Wednesday, August 2, 2017

BE PROFITABLE BUT DON’T FORGET NET WORTH

I am deep into Brad Stone’s, “The Everything Store: Jeff Bezos and the age of Amazon” a fast paced narrative of how Amazon, which started as a bookseller and now sells almost everything, was built.
The company which survived the dotcom meltdown of earlier this century has grown over the last 23 years to the point that last week, for about half a day, founder Bezos was the richest man in the world last week.

But just before that I also read “Alibaba: The House that Jack Ma Built” which as kind of prescient because the richest man in China visited Nairobi and Kigali only days later.  Alibaba is a giant website which brings vendors and customers together to facilitate trade in almost anything. What makes the Alibaba story so interesting is that it was founded in China on five years after Amazon and it’s not inconceivable that in less than a decade it may be the biggest internet company in the world.

There are quite a few similarities in the growth of these two companies and just as any dissimilarities.

"But the common denominator between the two is the way they have been managed to gain market share, with profitability coming years later. The loss making was not caused by the wastefulness of the founders...

Related and also of interest is how both founders extended the personal frugality in their lives to the company, which allowed them to focus resources on building the company rather than themselves with the eventual outcome that they became exceedingly wealthy from their shareholding in their respective companies.

For Amazon more than for Alibaba, their very existence was threatened when the markets in the west went sour on the dotcom companies, for which Amazon, was a poster boy. Were it not for the company’s focus on customer satisfaction it might have gone the way of the thousands of dotcom companies that burnt through billions of dollars, flaming out before they showed a profit for their investors.

In Uganda we don’t need a dotcom boom and burst cycle to know about business failure. Only one in 10 companies make it to their fifth birthday. Beyond the issue of the questionable products or getting into crowded markets, the failure of the Uganda company can be seen in the financial statements.

The key difference between Amazon and Alibaba and our local floundering businessman is that while the former shift revenues increasingly towards building their assets bases – hardware and distribution networks, with the expectation that these will not only lead to the capturing of more and more market share and an eventual rise in revenues, our local businessman however tends to keep these much needed funds, needed for expansion, for himself. They pay themselves first, rather than the business they should be trying to build.
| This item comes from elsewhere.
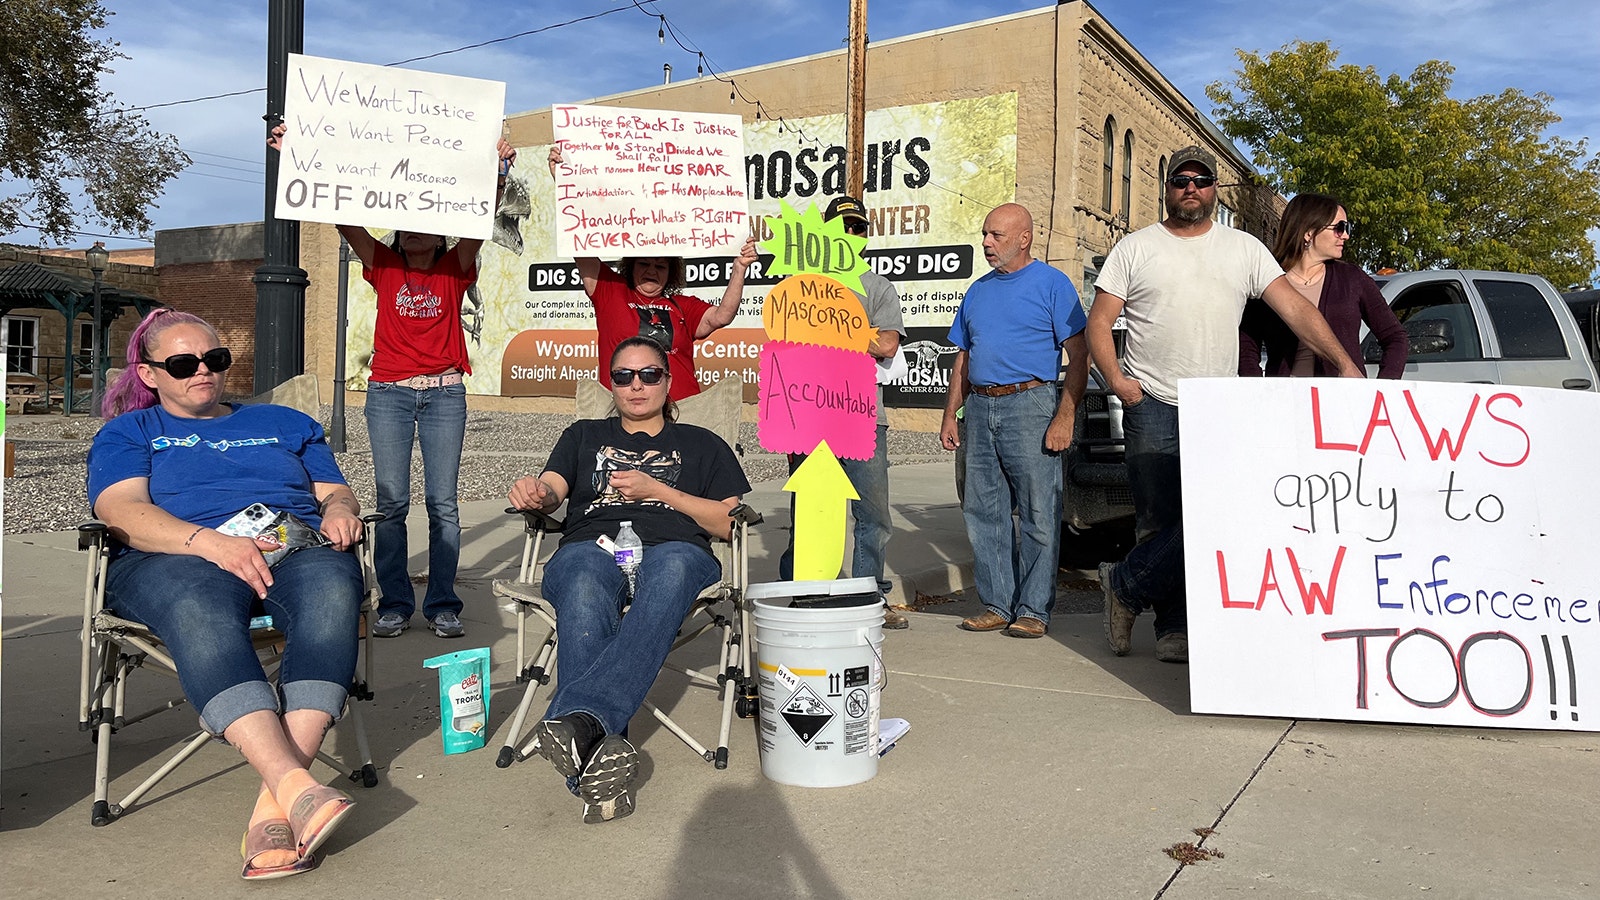 Jason Bowman, right in white T-shirt, led roughly a dozen protestors Monday in Thermopolis, urging the town to hold police Sgt. Mike Mascorro responsible for entering a man’s home illegally April 28 and triggering a gunfight that led to the man’s death.

"So for instance our local shop keeper who while he makes a profit, given the margin on every good he sales, fritters off this profit by dipping his hands into the till every so often to finance his personal needs. Unfortunately these needs grow with his growing sales and rarely fall back if sales begin to falter...

Given a similar scenario Bezos or Ma, would restrict their raiding of the shop till, while pushing more funds into growing his stock, the size of his shop or the area that he dominates. In very real terms this means that he will put off to a later date the move to a more expensive neighbourhood or the VX he has been dreaming of or the visit to Old Trafford to see Manchester United play.

But we don’t have to look to the US or China for lessons how to improve the durability of our companies.

The Asian community were dispossessed of everything nearly half a century ago. They returned in the 1980s and 1990s, rebuilt their businesses and now account for almost seven in every ten shillings of revenue paid to the taxman today.

Interestingly many of our more successful businessmen have apprenticed at the feet of one Asian businessman or another.

It should be clear by now that a basic understanding of how financial statements work is imperative for any businessman.

How do I pay salaries? How do I replenish stock? What happens when I withdraw money? What happens when I bring money into the business (as many of our corporate types do)?  How do I pay taxes? How can I minimise my tax liability (without evading it all together)? Should I take a salary? How should my books look like to make them attractive to bankers, investors?

It is not rocket science. But it is the one thing that is dooming our businesses to short life spans.

"Even the businessmen with the best of intentions, who are not extravagant or even allocate assets properly, run into trouble because they are not thinking from a financial statements perspective. If they are doing badly, they can do well. And if they are doing well, they can do better....

And the beauty of it is that unlike a two decades or so ago there are a lot of young accountants around who can help make sense of any business’ numbers.

It bears repeating. While profit is good building a business’ book value is better. That is where company durability comes from.